Source material —
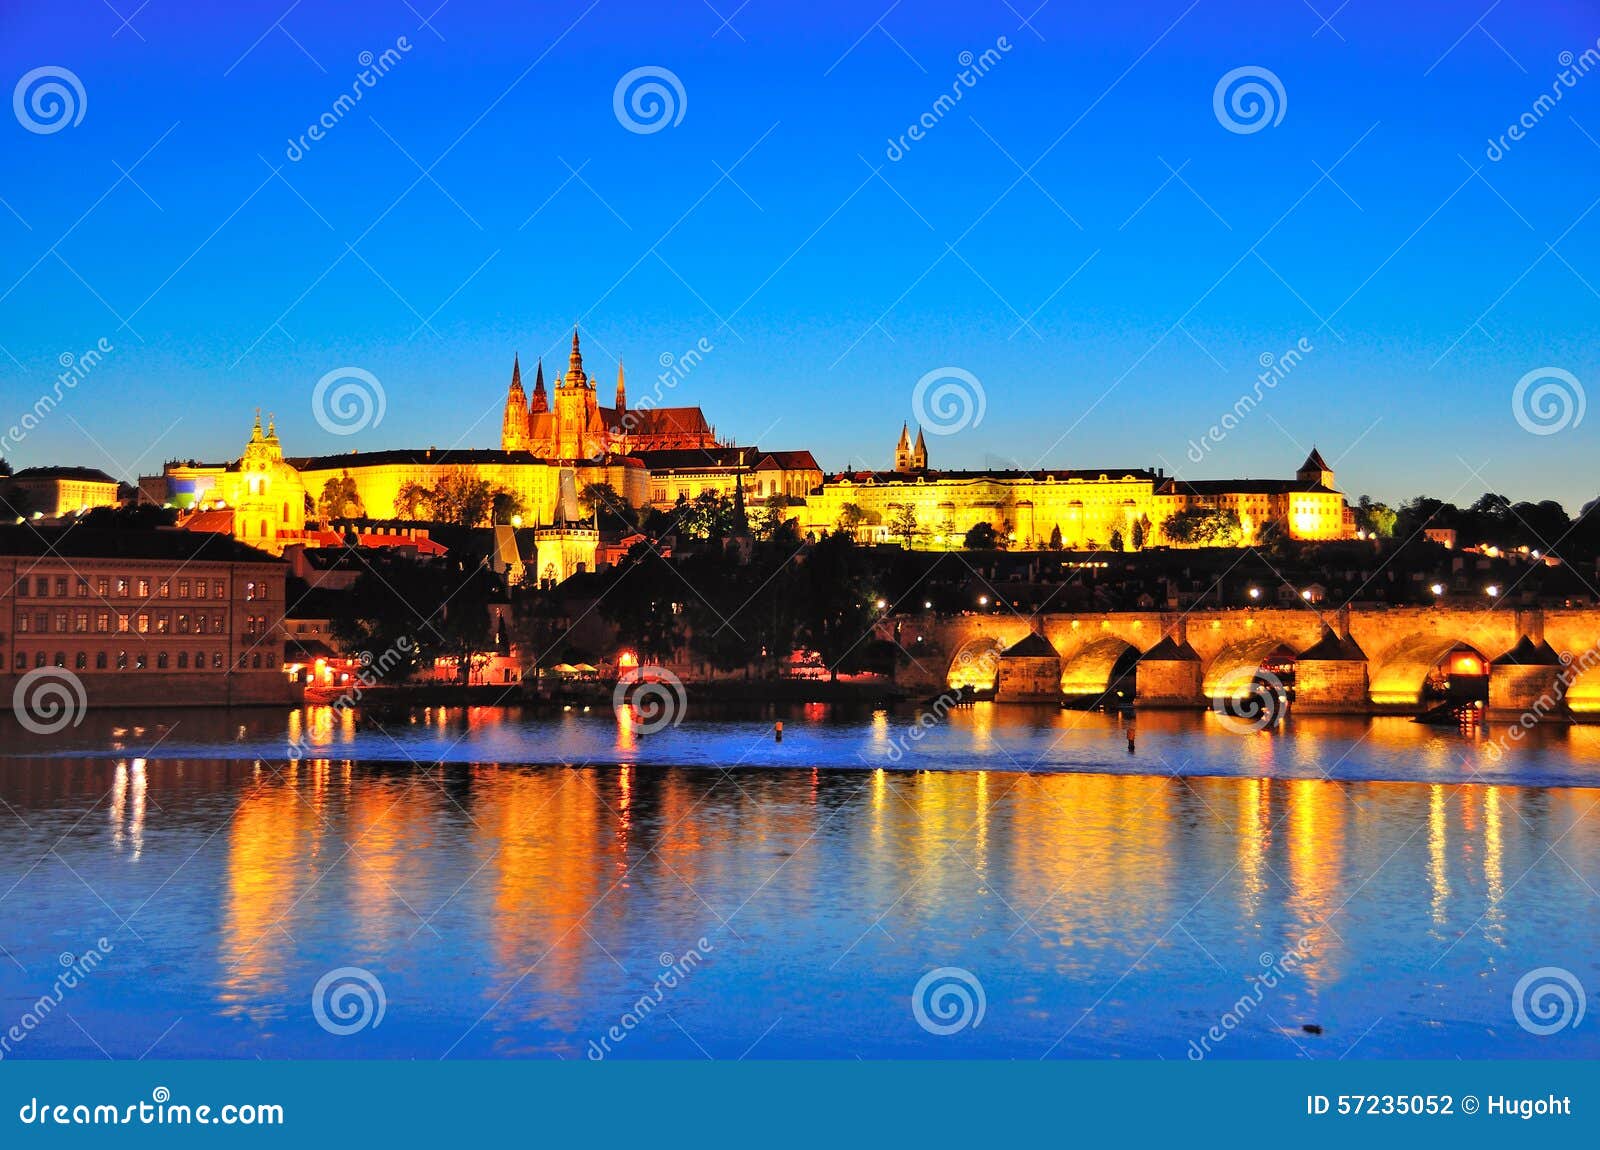 Prague slott på natten, Tjeckien. En nattsikt av den Prague slotten som reflekterar i floden, Tjeckien
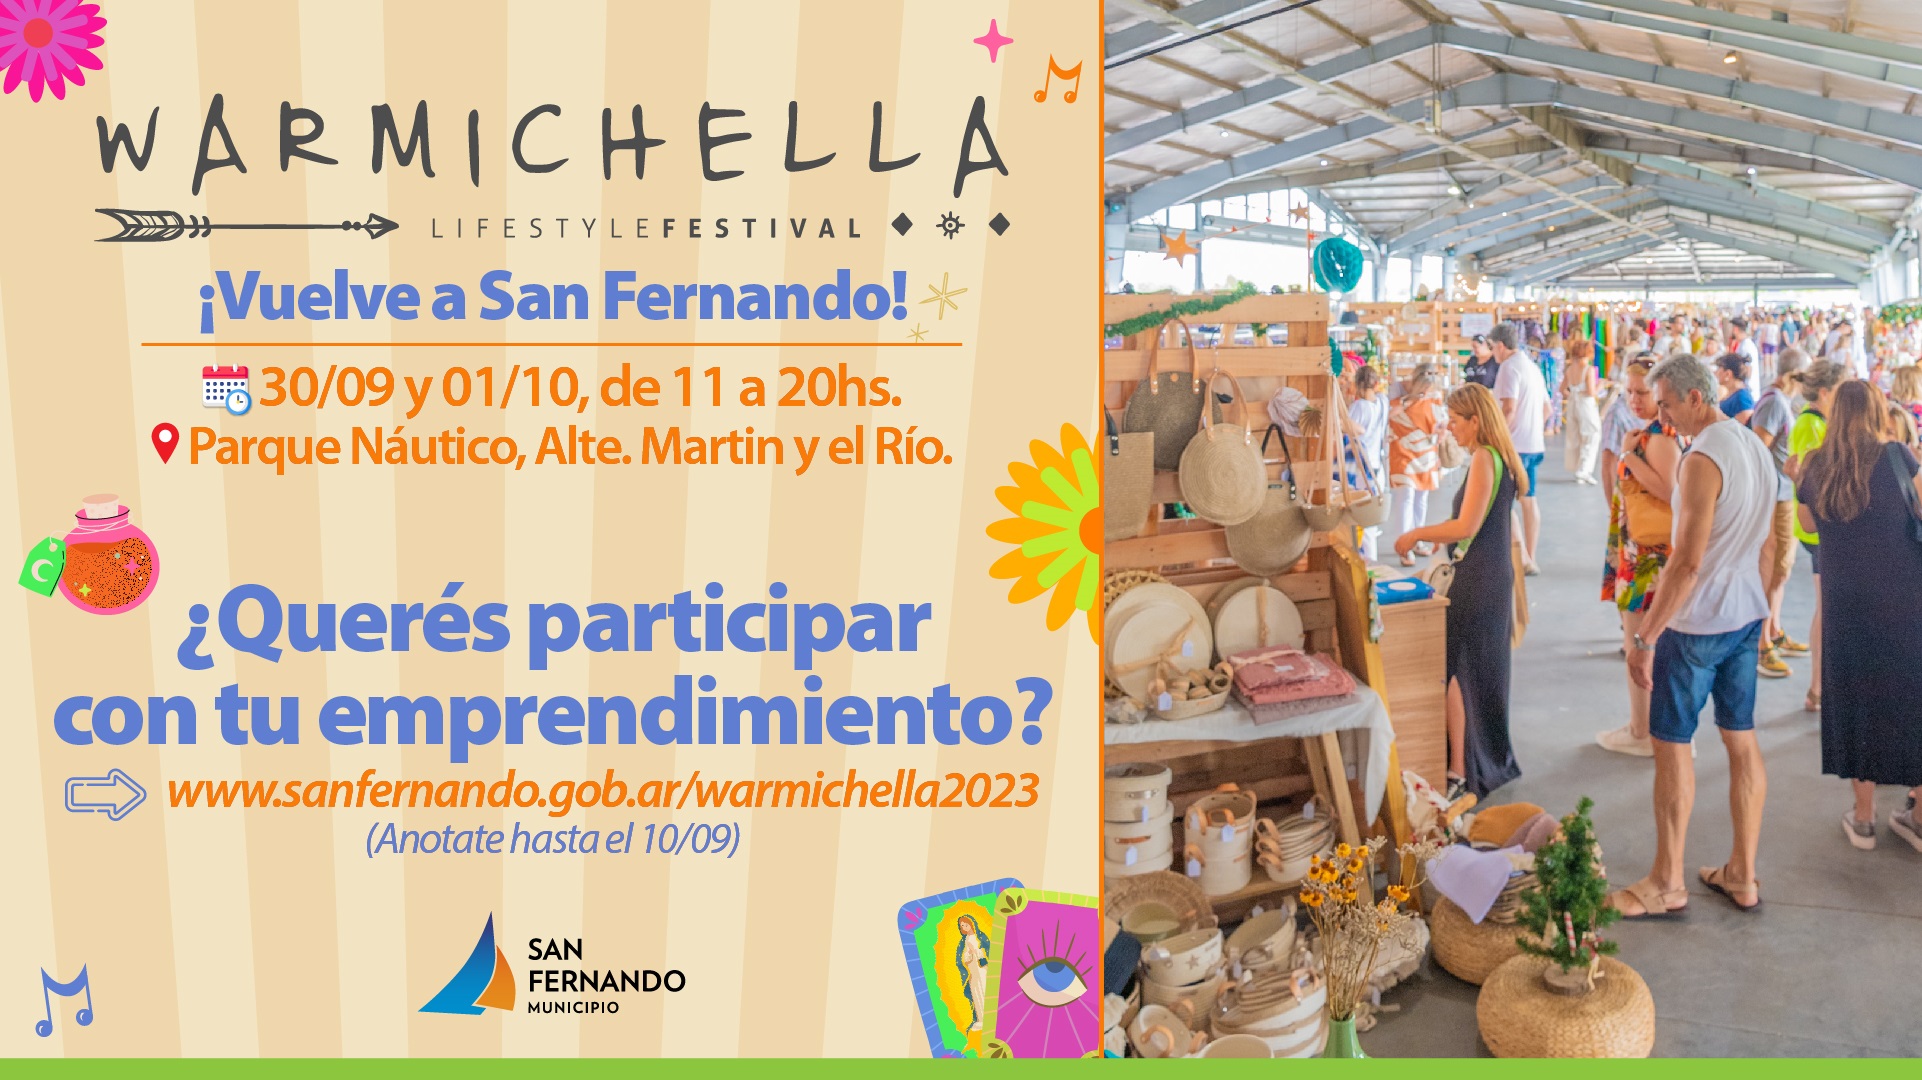 El Festival Warmichella vuelve a San Fernando el 30 de septiembre y 1 de octubre
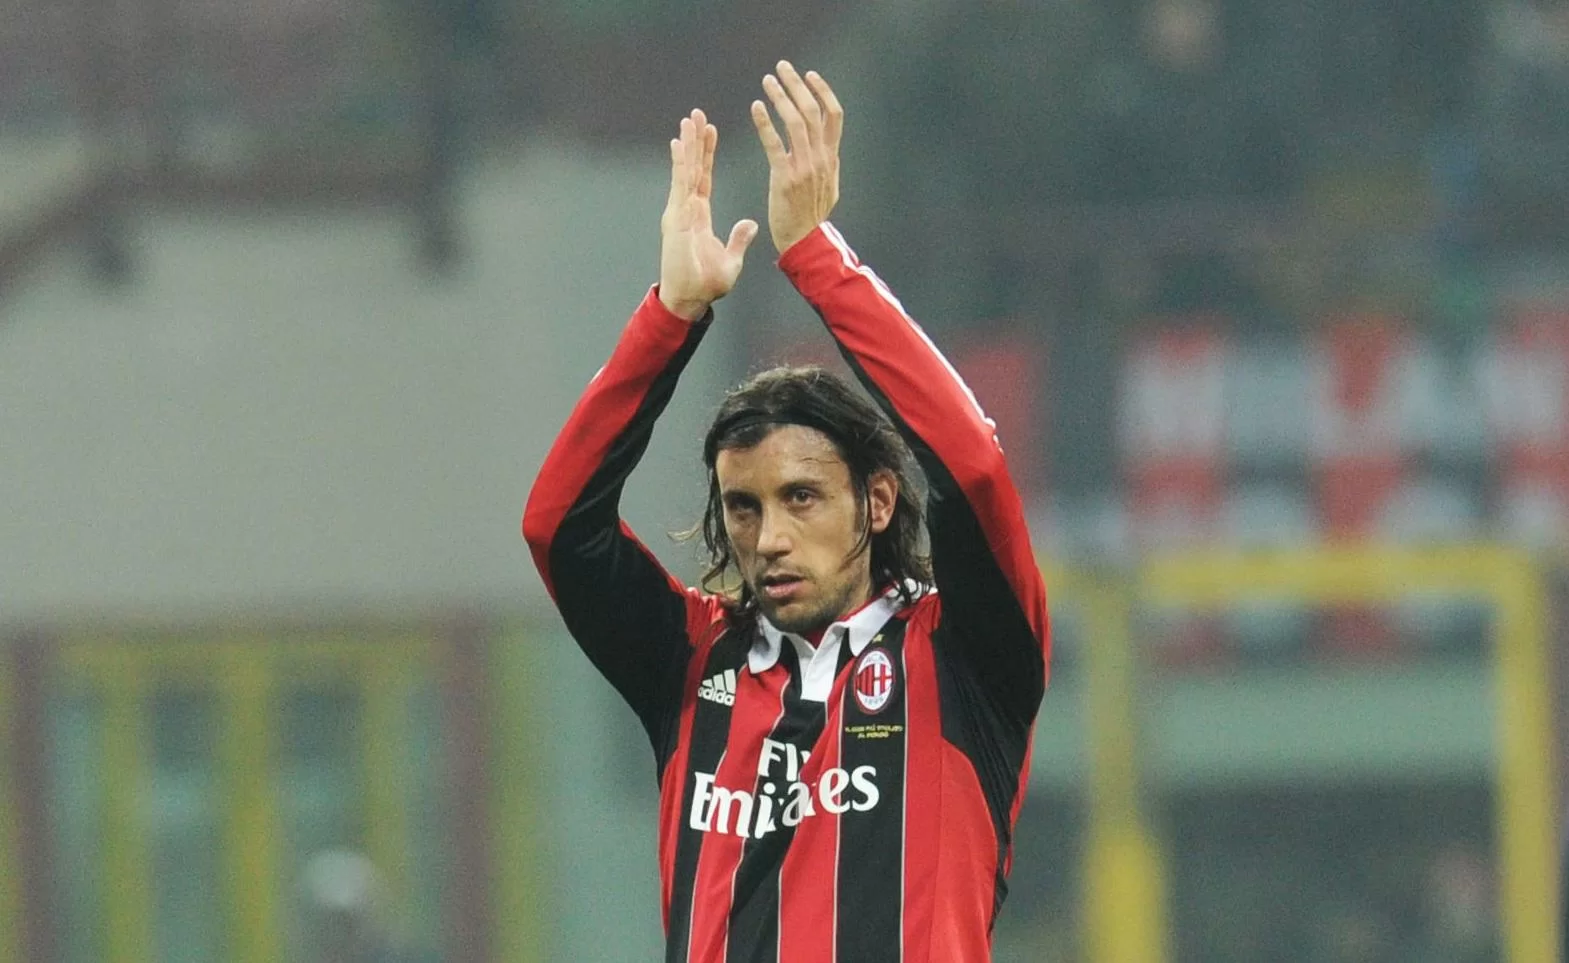 CALCIOMERCATO/ Milan, Zaccardo vuole il Parma. Ghirardi non conferma né smentisce: “E’ molto legato a noi”
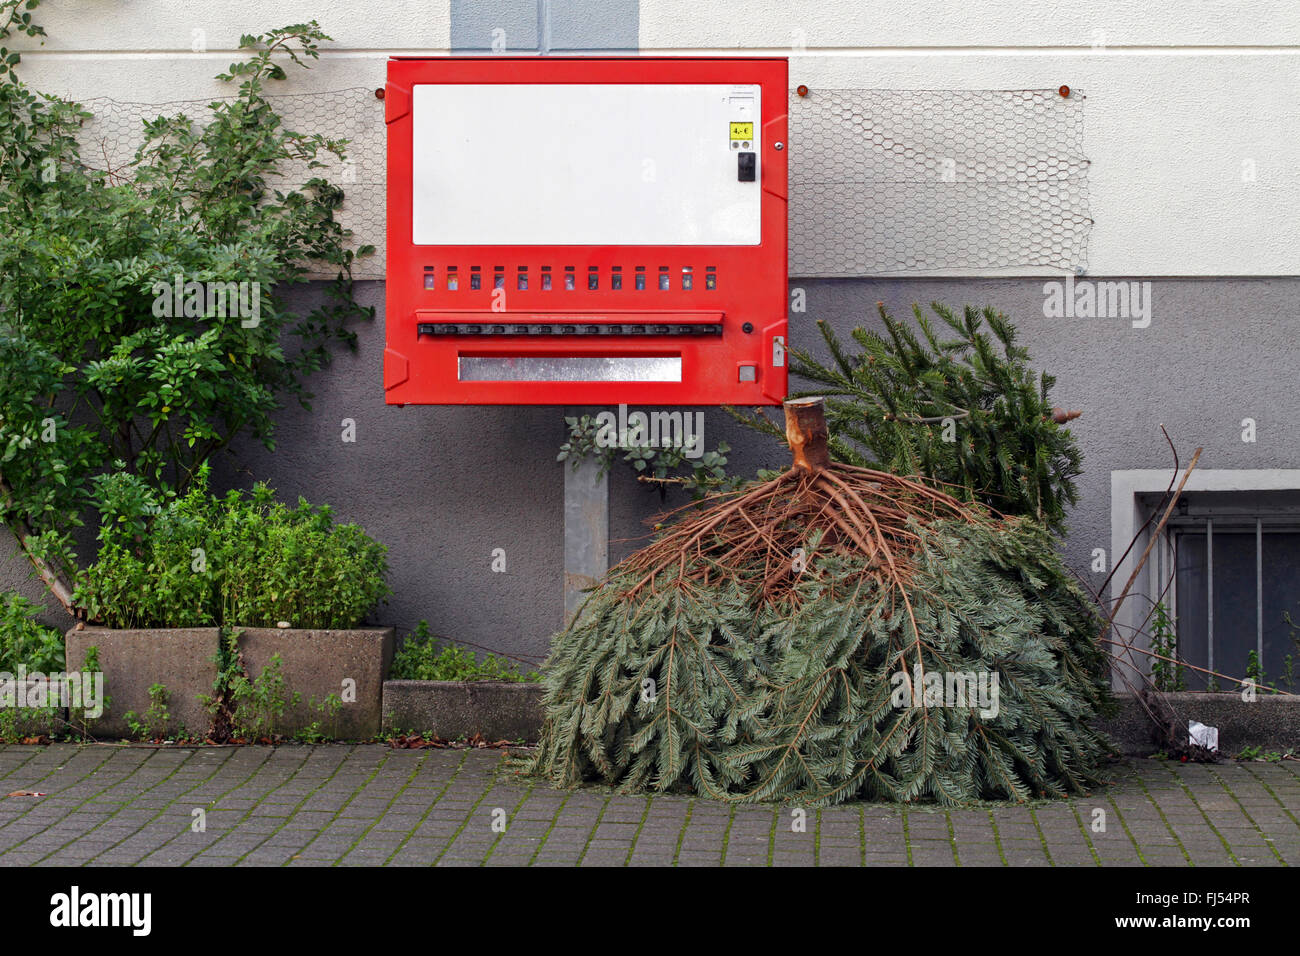 Viejo árbol de Navidad junto al autómata de cigarrillo en la acera, Alemania Foto de stock

What the task asks —
Apart from the pictures, every line above must be repeated exactly.

Exercise output —
 Prague slott på natten, Tjeckien. En nattsikt av den Prague slotten som reflekterar i floden, Tjeckien
 El Festival Warmichella vuelve a San Fernando el 30 de septiembre y 1 de octubre
 CALCIOMERCATO/ Milan, Zaccardo vuole il Parma. Ghirardi non conferma né smentisce: “E’ molto legato a noi”
 Viejo árbol de Navidad junto al autómata de cigarrillo en la acera, Alemania Foto de stock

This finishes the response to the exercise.